Голова у меня кружилась, и я с трудом залез под одеяло.
– Ты что, будешь спать одетым? – изумленно спросил Шир.
И я почувствовал, что он гладит меня по спине.
– Нельзя спать одетым, – повторил он и начал меня раздевать. Но тут я собрался с силами:
– Дай мне просто спокойно поспать.
Шир склонился ближе и сдавленно произнес:
– Калл, тебя выгнали родители, да? – Внезапно он показался мне страшно пьяным, словно вся дневная и вечерняя выпивка наконец достигла своей цели.
– Я хочу спать, – ответил я.
– Ну давай, – прошептал Шир. – Давай я за тобой поухаживаю.
Я, не открывая глаз, свернулся клубочком. Шир начал тыкаться в меня лицом, но, увидев, что я не реагирую, прекратил это. Я услышал, как он открыл дверь и как она за ним закрылась.
Я проснулся на рассвете. Через окна струился свет. Рядом, неуклюже обнимая меня, с закрытыми глазами лежал Шир.
– Мне просто захотелось здесь поспать, – промямлил он. – Просто поспать.
Моя рубашка была расстегнута. На Шире были лишь трусы. Телевизор работал, а на нем стояли пустые бутылки из-под пива.
Шир прижался ко мне лицом и начал издавать какие-то звуки. Я терпел, чувствуя себя обязанным ему. Но когда его пьяные приставания стали более целенаправленными, я оттолкнул его в сторону. Он не стал возражать, а просто свернулся клубочком и заснул.
Я встал и отправился в ванную, где довольно долго просидел на крышке унитаза, обхватив руками колени. Когда я приоткрыл дверь, Шир крепко спал. Задвижки на двери не было, но я мечтал о том, чтобы принять душ. Не сводя глаз с приоткрытой двери и не задергивая занавеску, я быстро это сделал. Затем надел чистую рубашку, костюм и вышел из номера.
Было раннее утро.
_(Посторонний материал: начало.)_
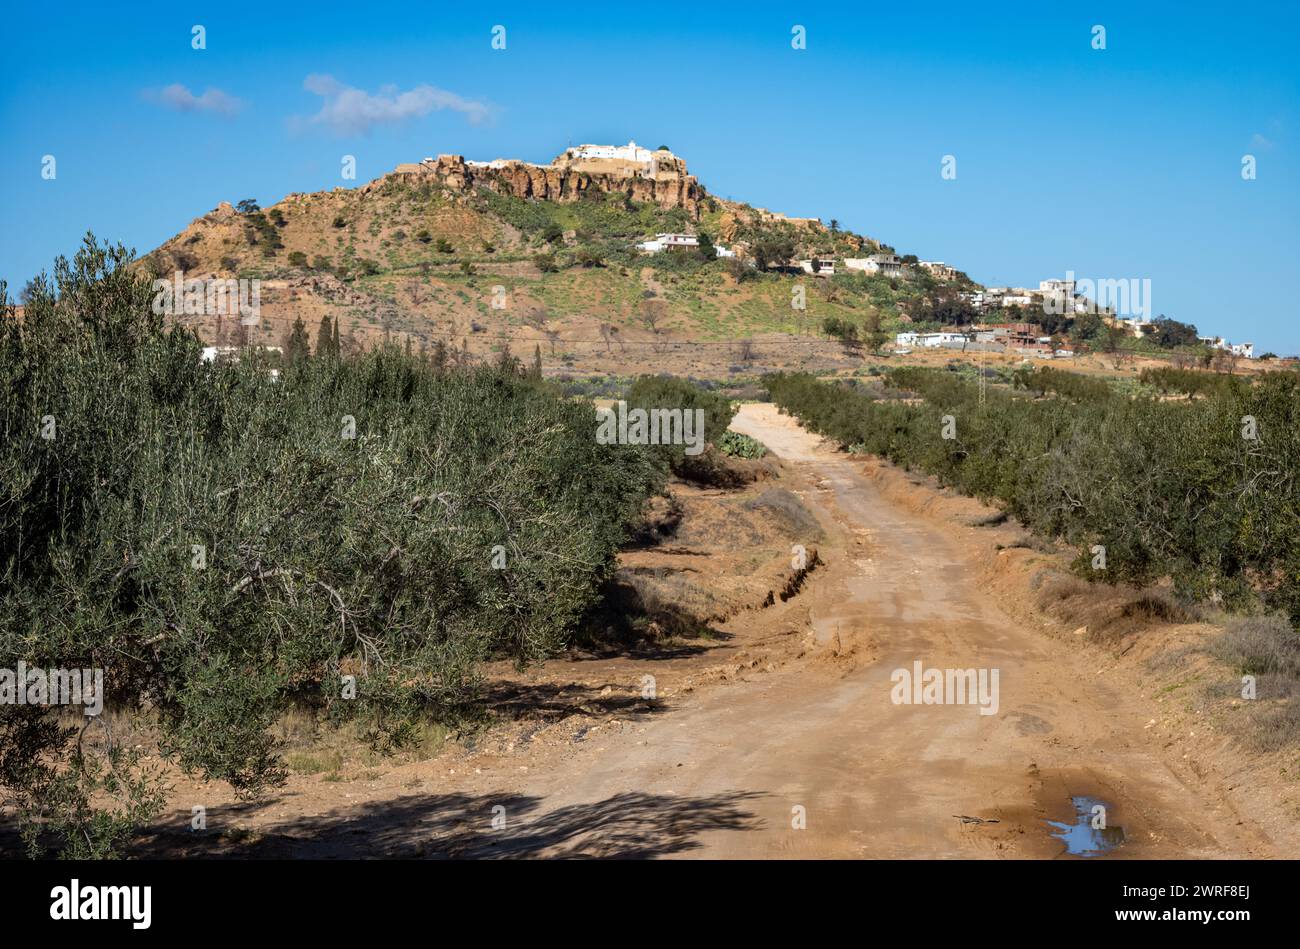 L'antico villaggio berbero in cima alla collina di Takrouna visto in lontananza oltre gli oliveti. Foto Stock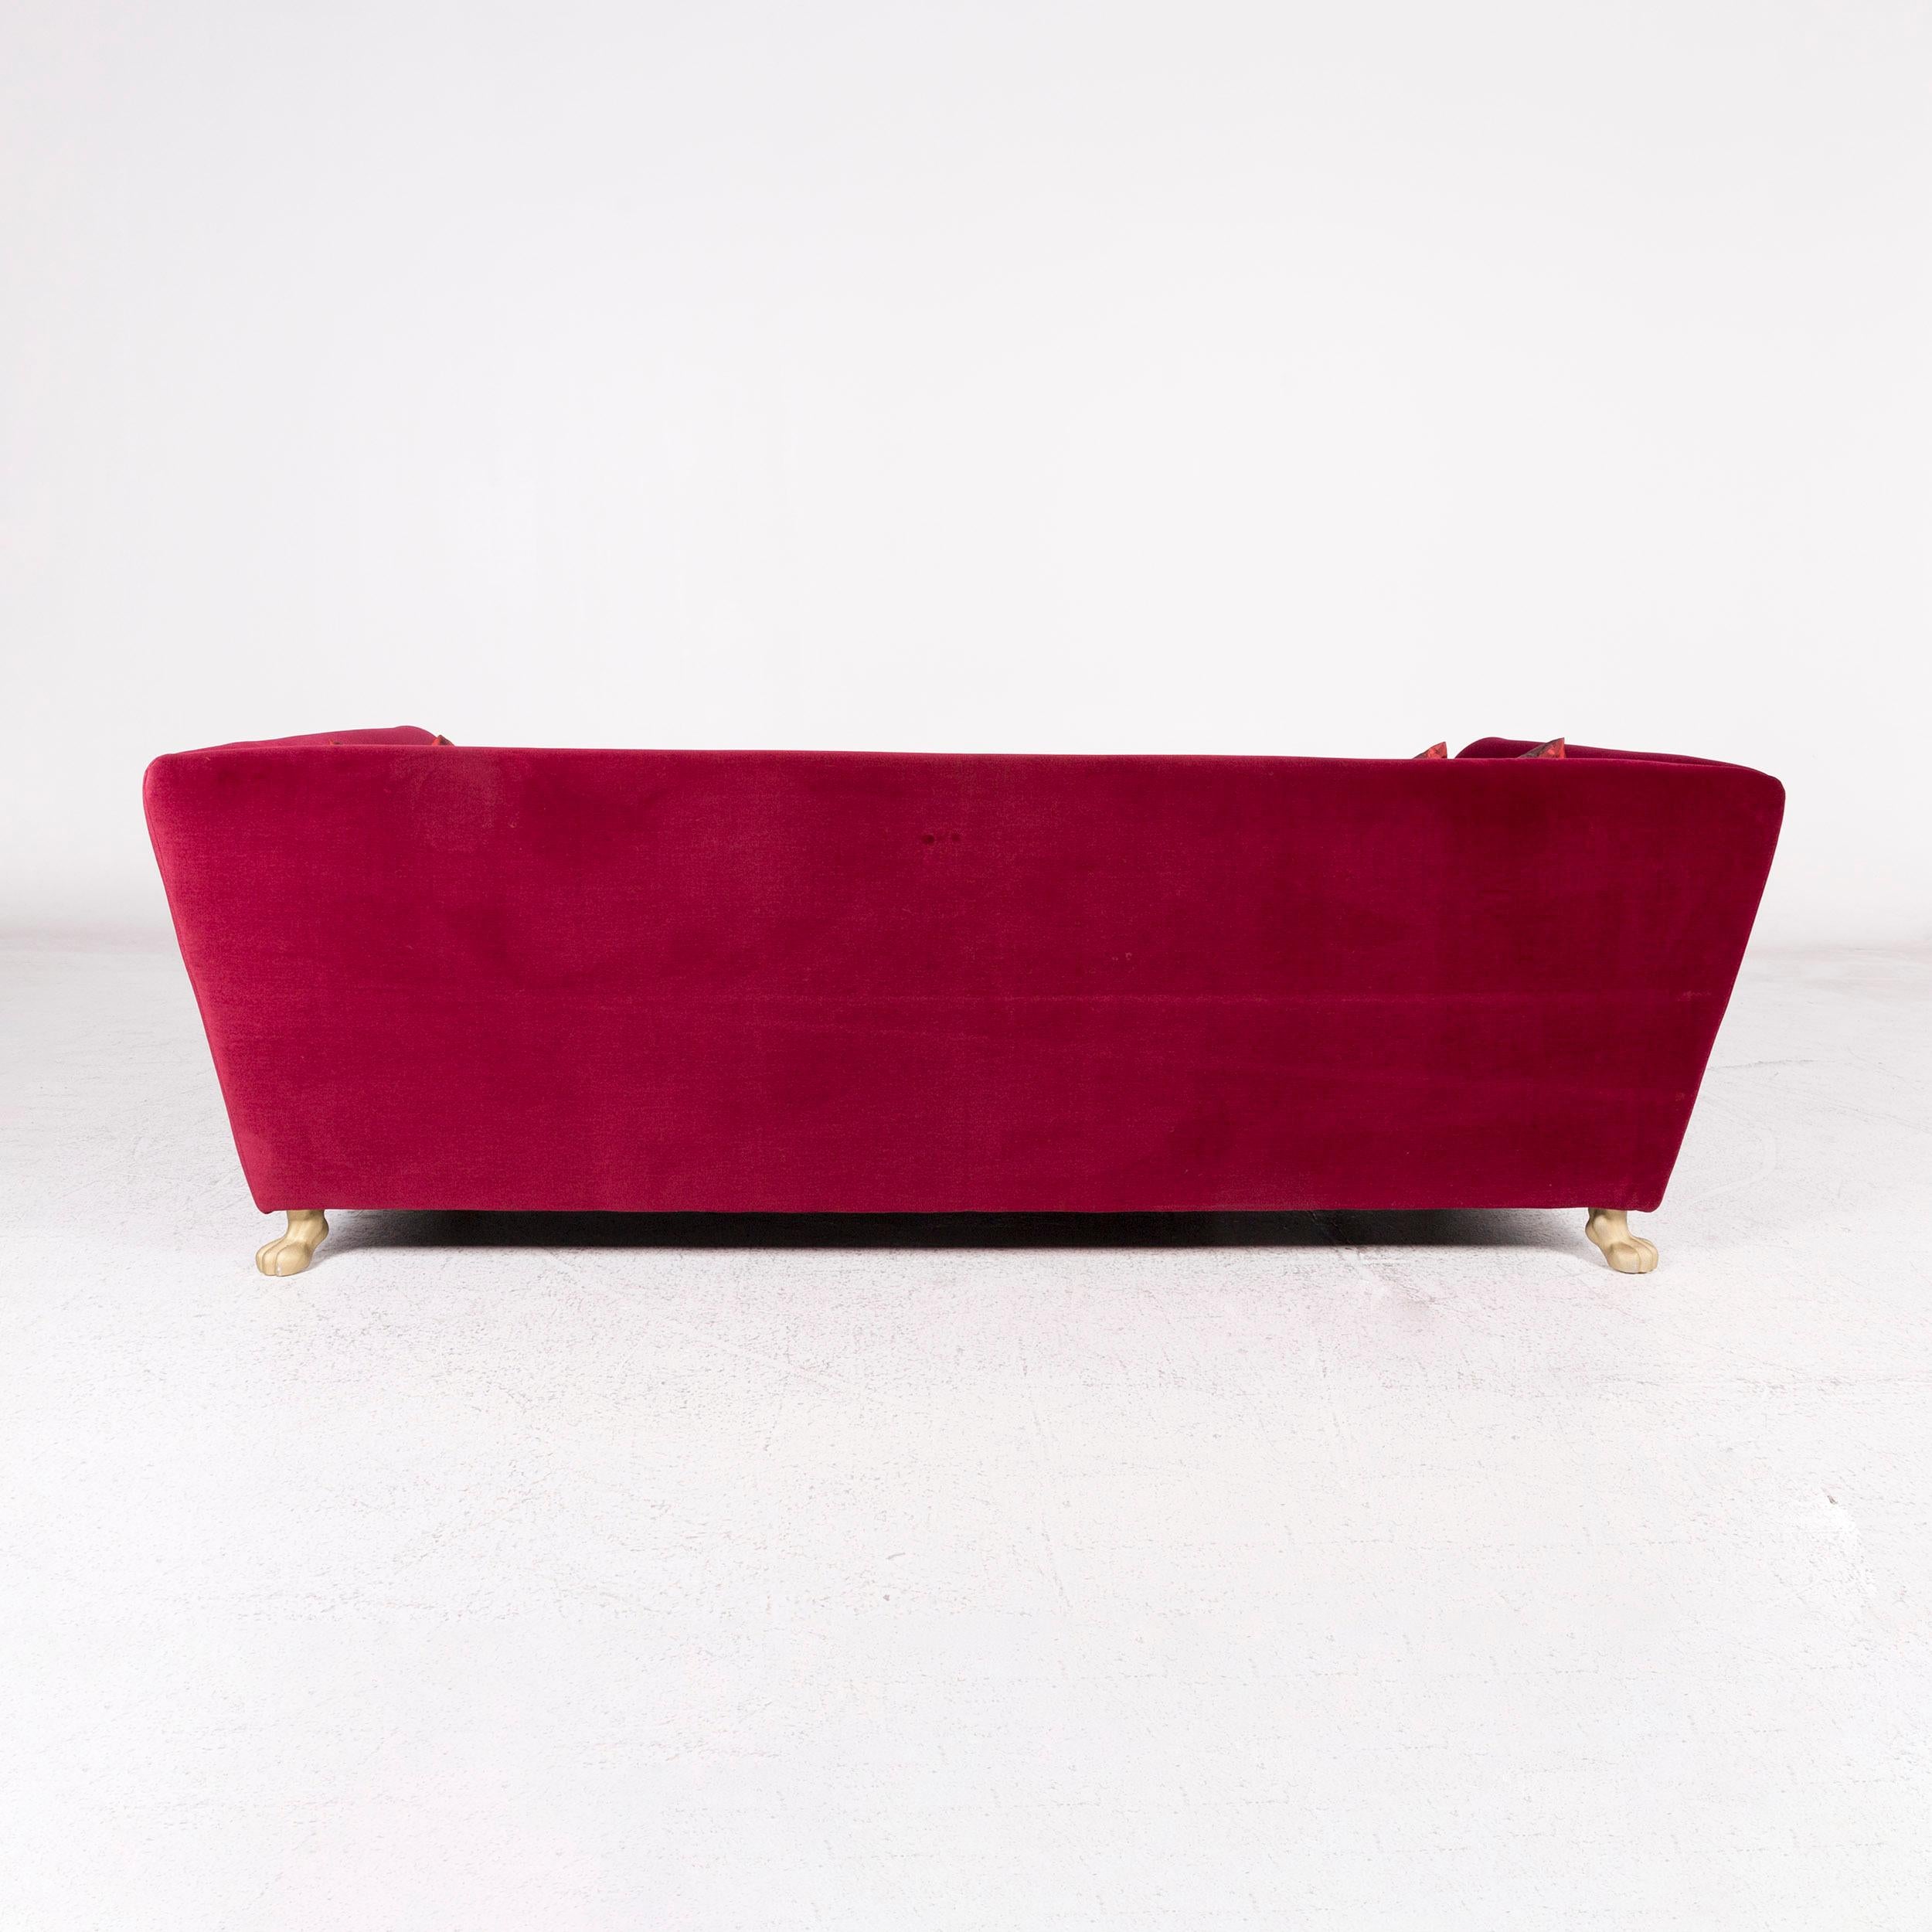 Bretz Monster Velvet Fabric Sofa Purple Four-Seat Couch For Sale 5

Машин на дороге не было. Я отошел подальше от мотеля и сел на чемодан. В огромном распахнутом небе летали птицы. Я снова хотел есть, и у меня болела голова. Я достал бумажник, пересчитал тающие деньги и уже в тысячный раз начал раздумывать, не позвонить ли домой. Потом на глазах у меня выступили слезы, но я не позволил себе плакать. И тут я услышал звук приближающейся машины. Со стоянки мотеля выезжал белый «линкольн-континенталь». Я поднял руку. Машина остановилась, и стекло с тихим гудением медленно опустилось вниз. За рулем сидел человек, которого накануне я видел в ресторане.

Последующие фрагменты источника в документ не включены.